Glutathione S-transferase A4, also known as GSTA4, is an enzyme which in humans is encoded by the GSTA4 gene.

Function 

Cytosolic and membrane-bound forms of glutathione S-transferase are encoded by two distinct supergene families. These enzymes are involved in cellular defense against toxic, carcinogenic, and pharmacologically active electrophilic compounds. At present, eight distinct classes of the soluble cytoplasmic mammalian glutathione S-transferases have been identified: alpha, kappa, mu, omega, pi, sigma, theta and zeta. This gene encodes a glutathione S-transferase belonging to the alpha class. The alpha class genes, which are located in a cluster on chromosome 6, are highly related and encode enzymes with glutathione peroxidase activity that function in the detoxification of lipid peroxidation products.

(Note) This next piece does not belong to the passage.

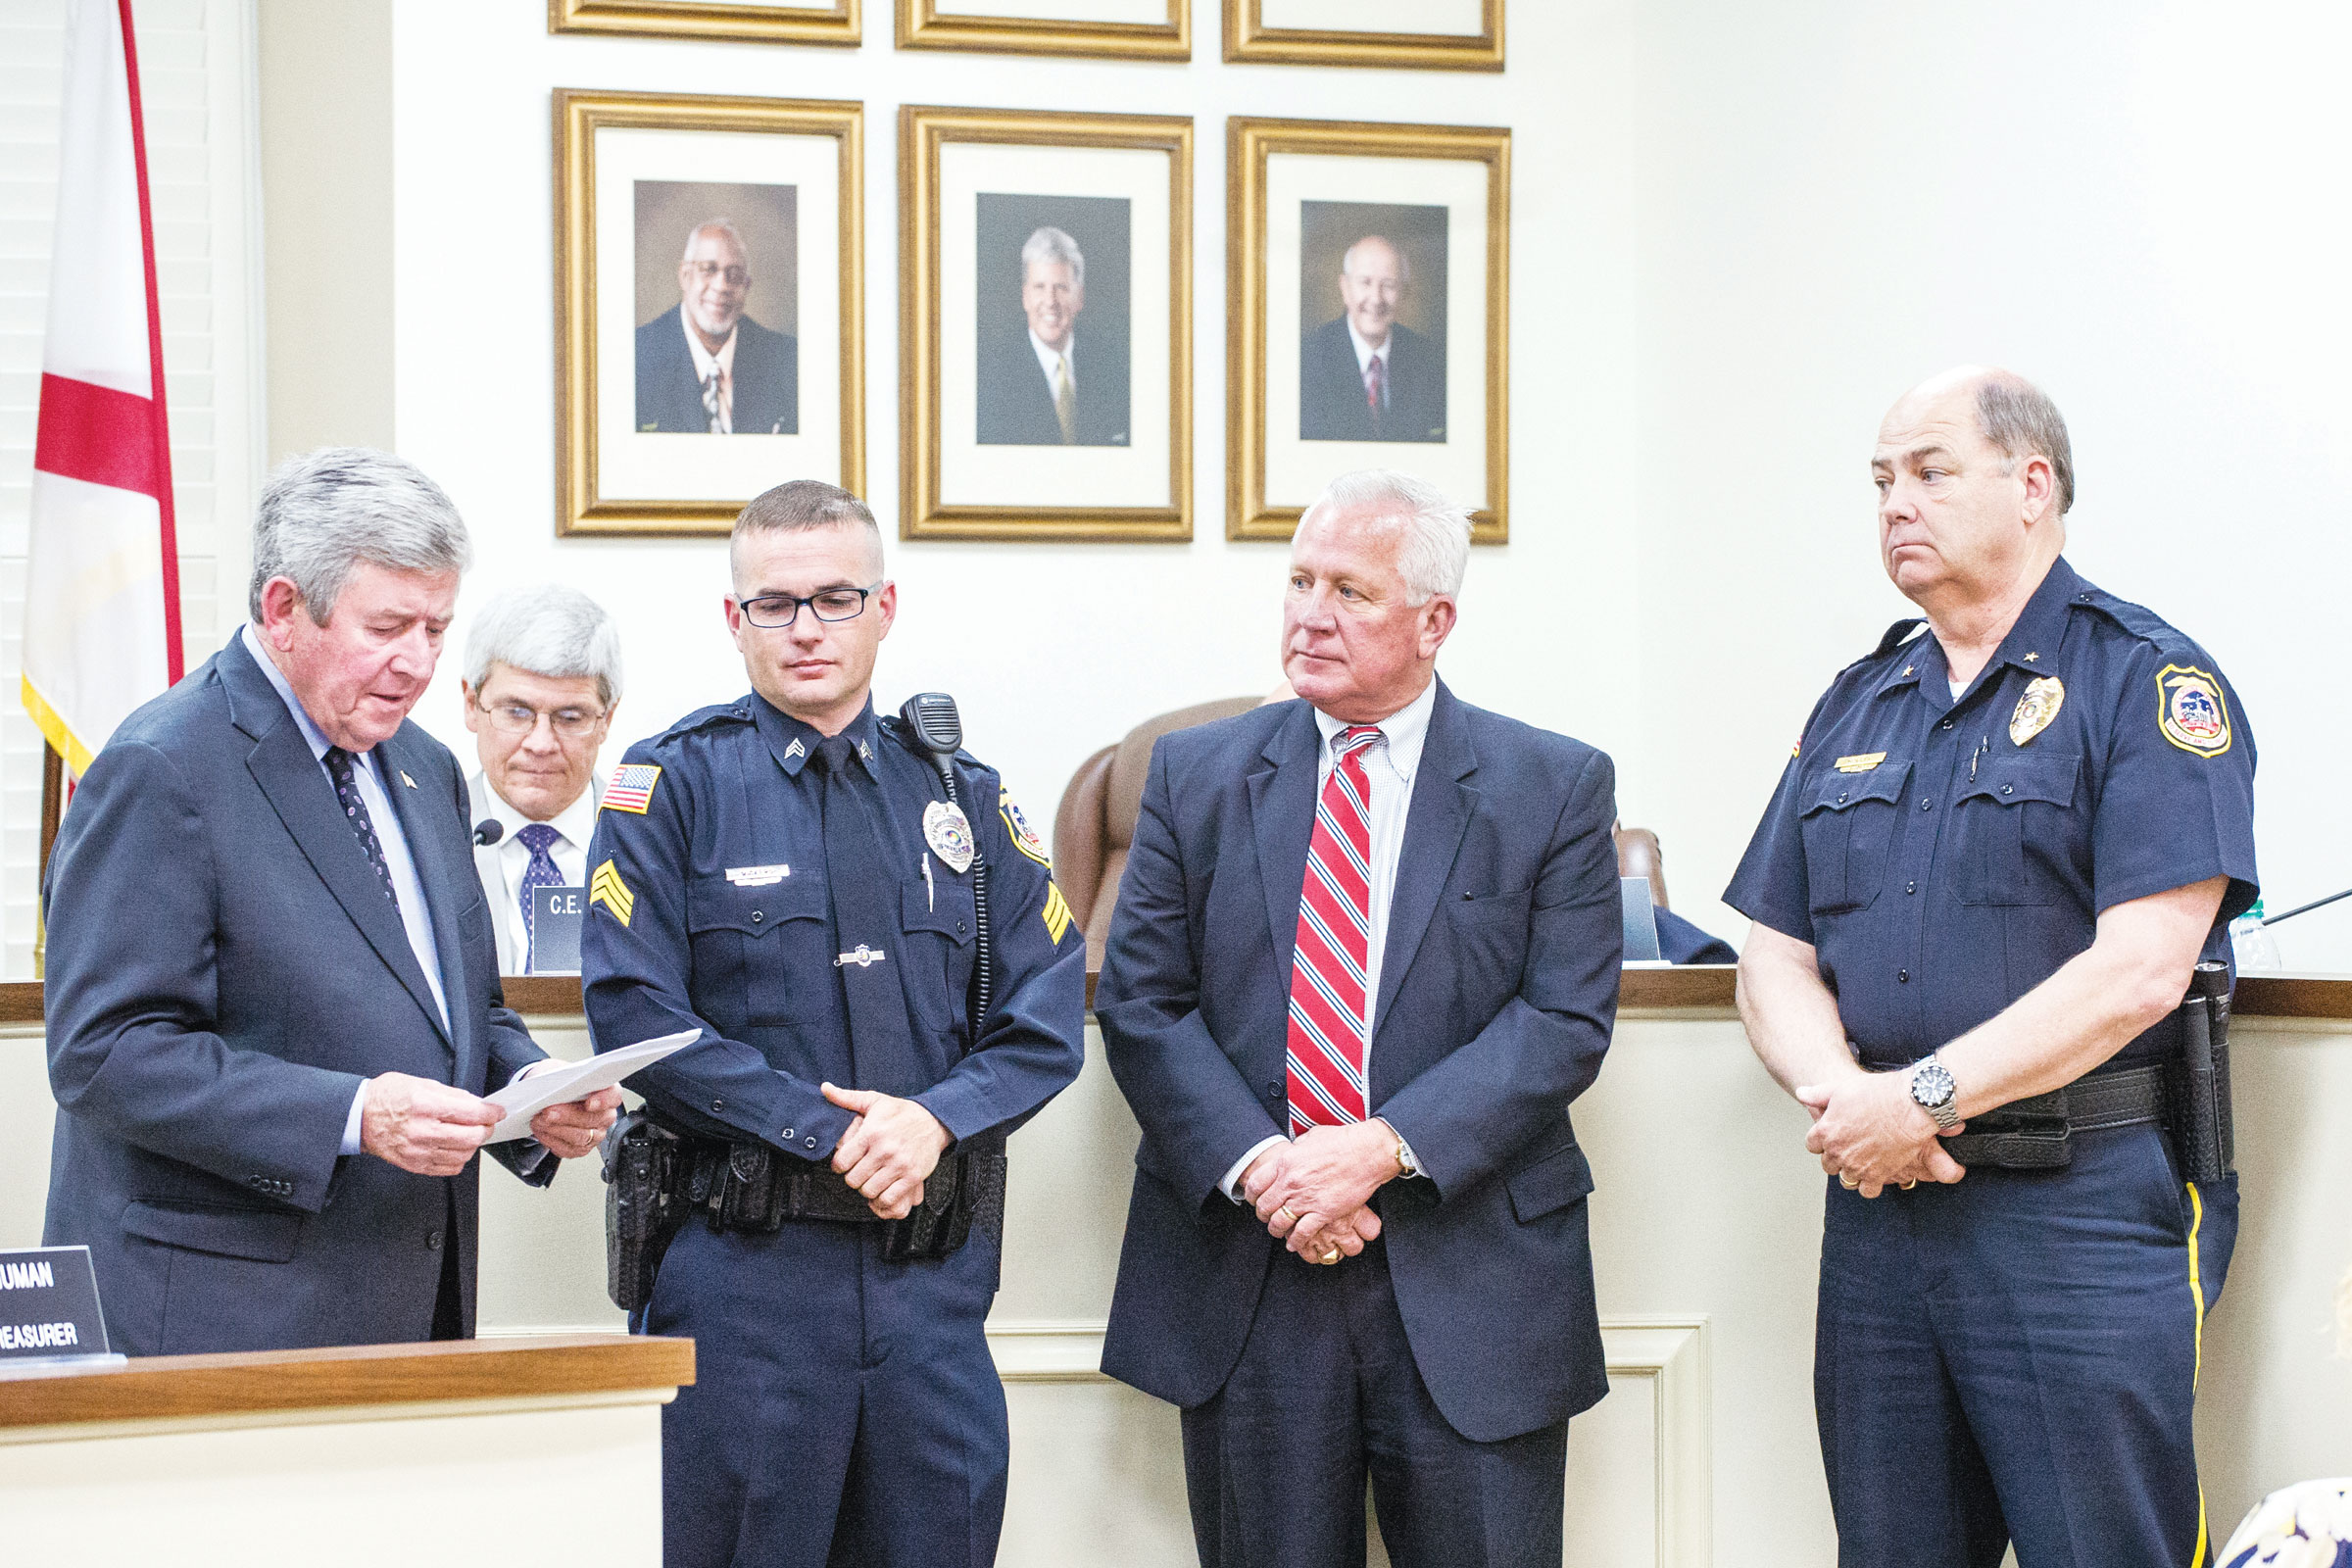 Vickers named Officer of the Year

GSTA4 shows very high activity with reactive carbonyl compounds such as alk-2-enals. GSTA4 is highly effective in catalyzing the conjugate addition of reduced glutathione to 4-hydroxynonenal, an important product of peroxidative degradation of arachidonic acid and a commonly used biomarker for oxidative damage in tissue.

Clinical significance 

Reactive electrophiles produced by oxidative metabolism have been linked to a number of degenerative diseases including Parkinson's disease, Alzheimer's disease, cataract formation, and atherosclerosis hence reduced expression of the GSTA4 enzyme may have pathophysiological consequences. The expression of this gene is decreased drastically among burn and trauma victims.